Her son from Asmara would come to visit, but only once in a while. He wore fancy clothes from Europe and rarely liked to sleep in his old cot in the hut, trying to limit his time spent to a day trip. Whenever he left, the relatives made fun of him, and Faven felt sad. She wished she knew how to actually talk to her son, but instead she found herself nagging at him for never bringing her grandson home and asking why he wasn’t married yet.

Faven found herself becoming uncontrollably angry. Faven found herself falling into fears. She found herself hating everything about life, and she didn’t understand why.

She found herself wishing she could relive the last eighty-four years of her life all over again.

29 July, 2023

« Why is she reacting like this? » Father shouted. He was squatting on the ground, facing his mother on the cot in their familial hut. Their mother lay completely immobile with fear in her eyes. No matter how much Father tried to grab her attention, it was like he wasn’t there. She was trembling, stuttering to make a word.

« Bo-bo, bo-bo… »

His elder brother, Massawa, scolded him for all the dirt he had brought into the hut with his shoes, while his younger brother, Robel, mused on why the medicines weren’t working. Father took a moment to turn away from his mother. The weather in the village was hot, and Father wasn’t used to being without constant air-conditioning inside of a home. He looked at the sanded land and the small shrubs growing around the rocks. He thought about going for a walk.

When he looked back towards his mother, she was pointing her palms towards the sky as if afraid of someone striking her. Father remembered the roughness of his own father and winced. He hoped that was not what she was remembering in the moment.

Suddenly his mother’s glance dashed towards the cups. His mother was always so diligent in cleaning, spending most of her time crouched by the bucket after a meal was done and plates and utensils needed to be washed. It was one of the closest things she had to a hobby, but now she was so weak that even standing to do something like that would be difficult. Father could not help but let out a sigh.

Massawa heard the sigh. « Anbassa has become like a woman » he joked. « Look at how he holds his body. Look at how he talks. » Robel and Massawa laughed.

Father crossed his arms around his chest. He thought of taking one last look at his mother for a small health examination. He crouched beside her once again, taking a long look at her face. The lighting in the last half hour had changed. Some of the clouds had disappeared, and more sunlight was streaming into the hut. It made Father hotter, and he really thought about taking off his shirt.

Suddenly his mother lifted up his hand up to the sky. It was like she was grabbing at something but nothing was above her except air. Father shouted out with concern. « Inati, what is it? »

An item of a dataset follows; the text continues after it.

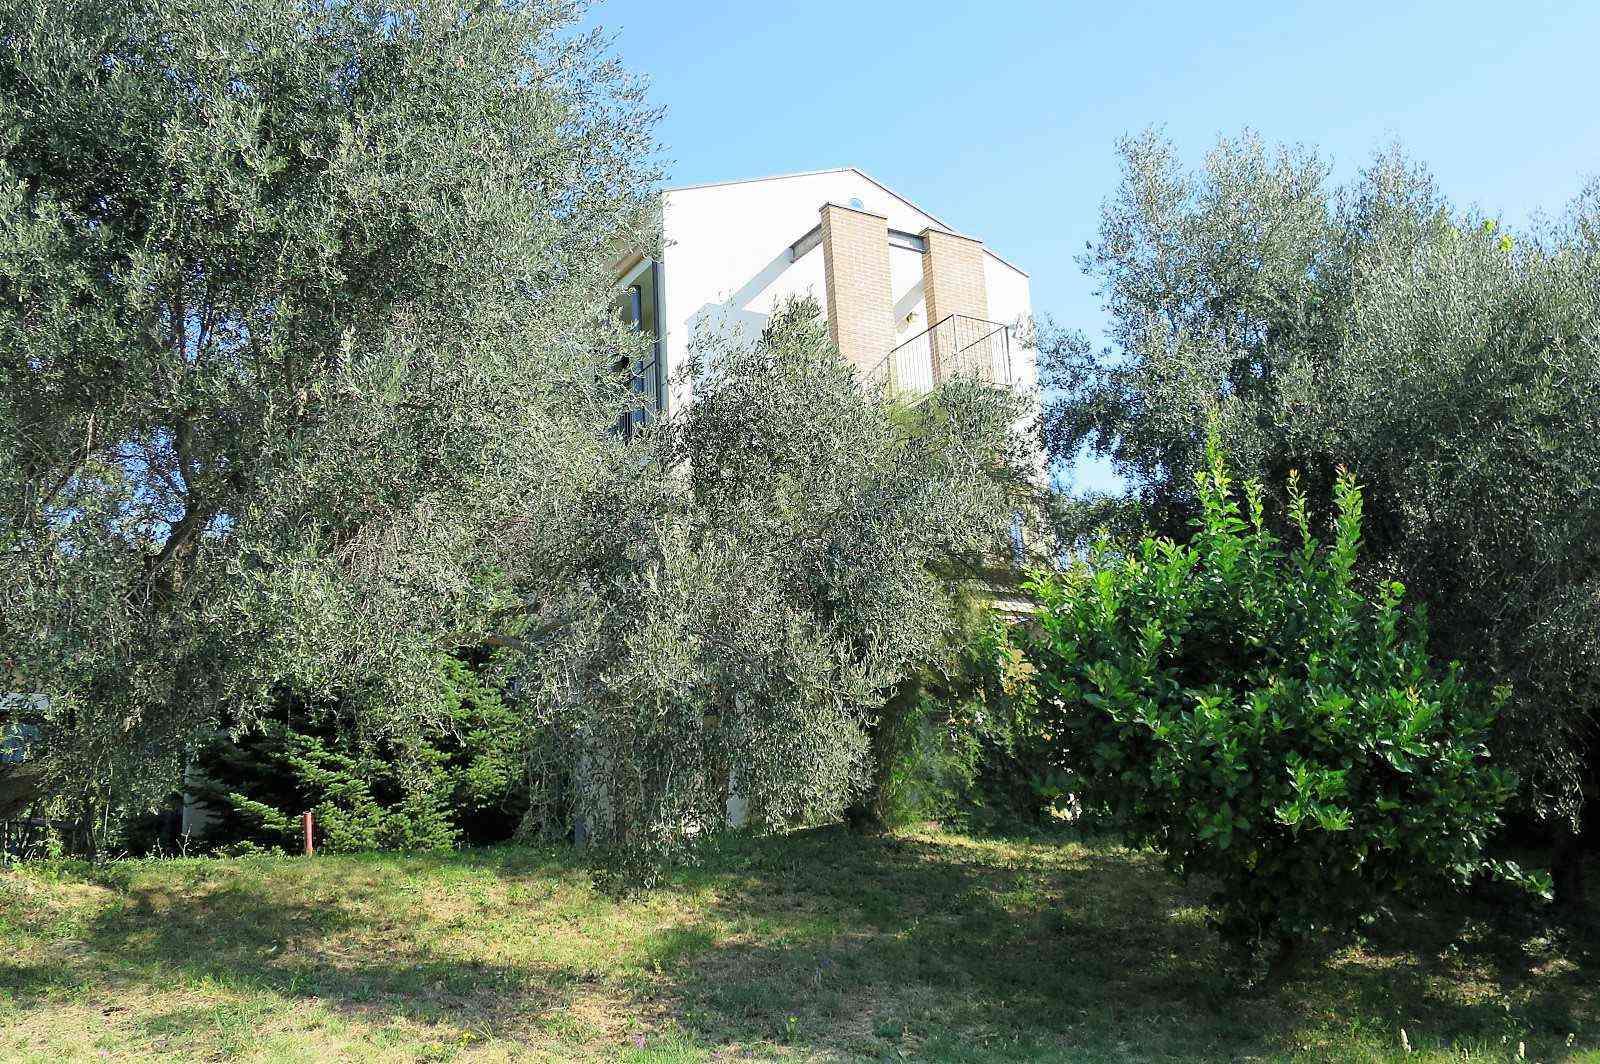 Villa Villa for sale Atri (TE), Villa Paola - Atri - EUR 473.281 310

His mother looked into his eyes. And in that moment, a wide smile came to her face. Father could not help but smile back. He cooed, as he would to a baby. « Inati, do you recognise me? Do you know it is your son? »

As the light glinted up and around Father, his mother started reaching for his hair and pulling at it. It was like she was trying to uncurl a piece of wool, or how a kid for the first time might pull on the horns of a goat. Father started laughing because it was such an odd way to be touched by his mother. « Inati, why are you doing this? It is like you have never touched my hair before. »

Yet his mother smiled so fondly, with a pure and unadulterated joy that Father wished he could have seen in his mother when he was younger.